You then take Overpowered-Bot Mk1 and program a few scripts for it (15+1) you quickly manage to get it to follow a basic routine and even set up an obstacle course for it to overcome. Of course, you'd need to give it some form of sensors to be able to properly make it into a automatic kill-bot.

You then decide that McCreepfest is kind of creeping you out. So like any sane and rational individual you decide to do horrible things to its body while it's still awake. (7+1) You manage to remove all the major senses and things but 'unfortunately' you do so in a manner that causes McCreepfest constant pain. You find this quite funny so shop its legs and arms of to. Now it's just a zombie torso with a eyeless, earless head.

At any rate you decide to set up a laptop to make the same sounds as the zombie thinks. That way you'll be able to use it as a radio of creepiness. (19+2) You manage to quickly and easily do sound so you add sight and even create a basic zombie-mind monitoring program on the computer. It's pretty awesome. Basically you've managed to download a zombies mind onto a laptop. Along with the servant implants upgraded communication features. And no lag. At any rate you off McCreepfests pain receptors in its brain since, well. You don't want it going insane on you and somehow turning your bots against you, now, do you?

At any rate you fiddle around with some small basic television screens in its eyes McCreepfests zombie mind can still be monitored even if you use the laptop for something else. (You built a basic computer to hold the Zombie-Brain-Watch Mk1 program). (7+1) However you don't get far and end up just using the screen you built on the second basic computer.

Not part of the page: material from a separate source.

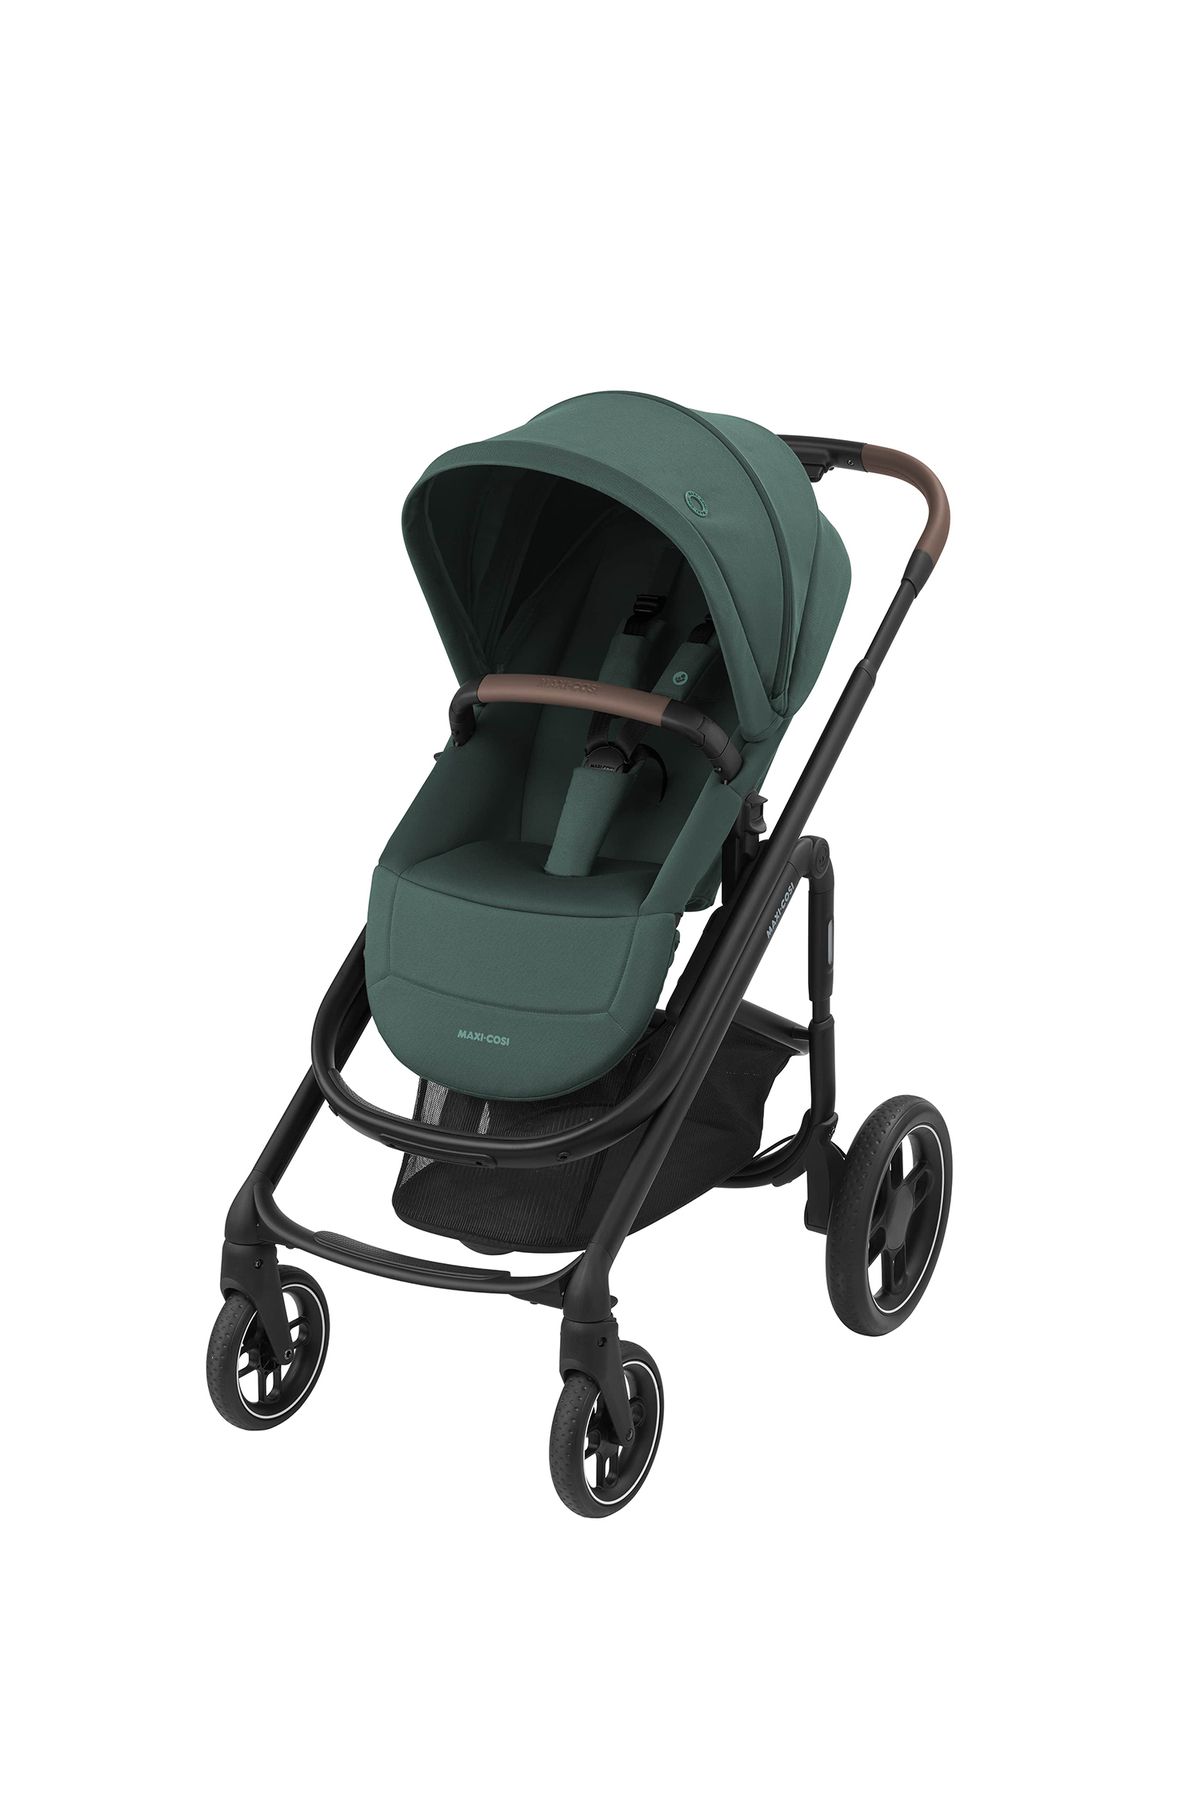 Maxi-Cosi Plaza Ekstra Portbebeli Doğumdan İtibaren Kullanılabilen Essential Green Bebek Arabası

You then set about actually programming a body for McCreepfest to virtually inhabit with electrodes hooked up to its spine so that it can control the virtual body with minimal problems. (15+1) You quickly manage to make a 'Virtual Zombie' program. It's pretty cool but isn't as advanced as your mind monitoring system. You guess it could be used quite well to test out new zombie designs. Of course you secretly hope it suddenly breaks down every time you actually try to test a new design. Cutting up minions is so much funner.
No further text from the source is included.